Data records »
*****

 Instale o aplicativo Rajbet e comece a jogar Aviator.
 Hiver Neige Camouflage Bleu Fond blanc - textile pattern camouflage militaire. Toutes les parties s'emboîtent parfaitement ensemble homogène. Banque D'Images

*****

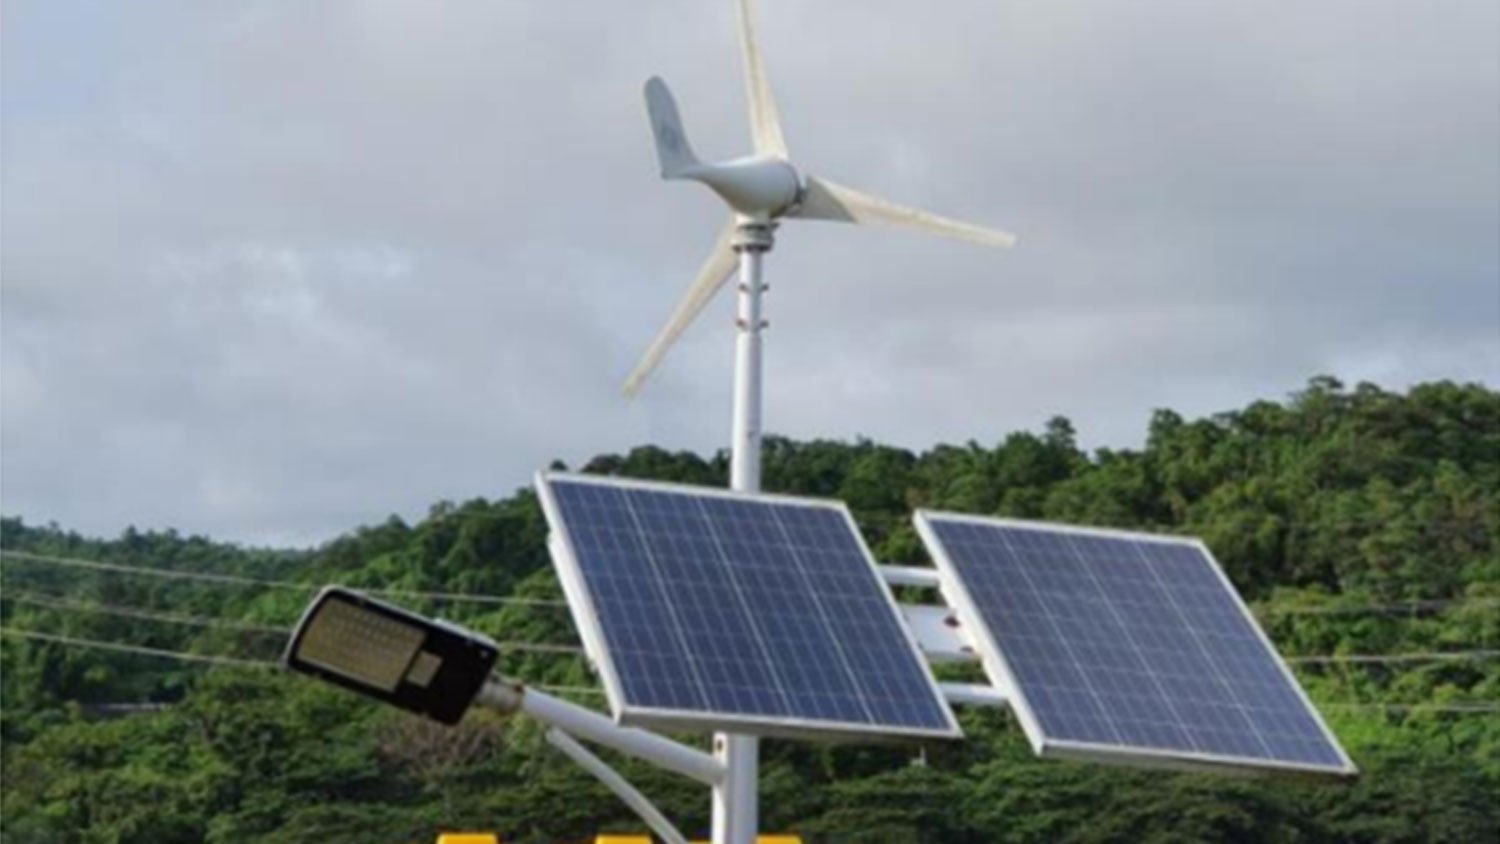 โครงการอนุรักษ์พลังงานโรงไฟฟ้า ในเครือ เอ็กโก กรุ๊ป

*****

Of the lines above, extract only those from the line with "Instale o aplicativo" to the line with "Hiver Neige Camouflage", both included, exactly as written.

 Instale o aplicativo Rajbet e comece a jogar Aviator.
 Hiver Neige Camouflage Bleu Fond blanc - textile pattern camouflage militaire. Toutes les parties s'emboîtent parfaitement ensemble homogène. Banque D'Images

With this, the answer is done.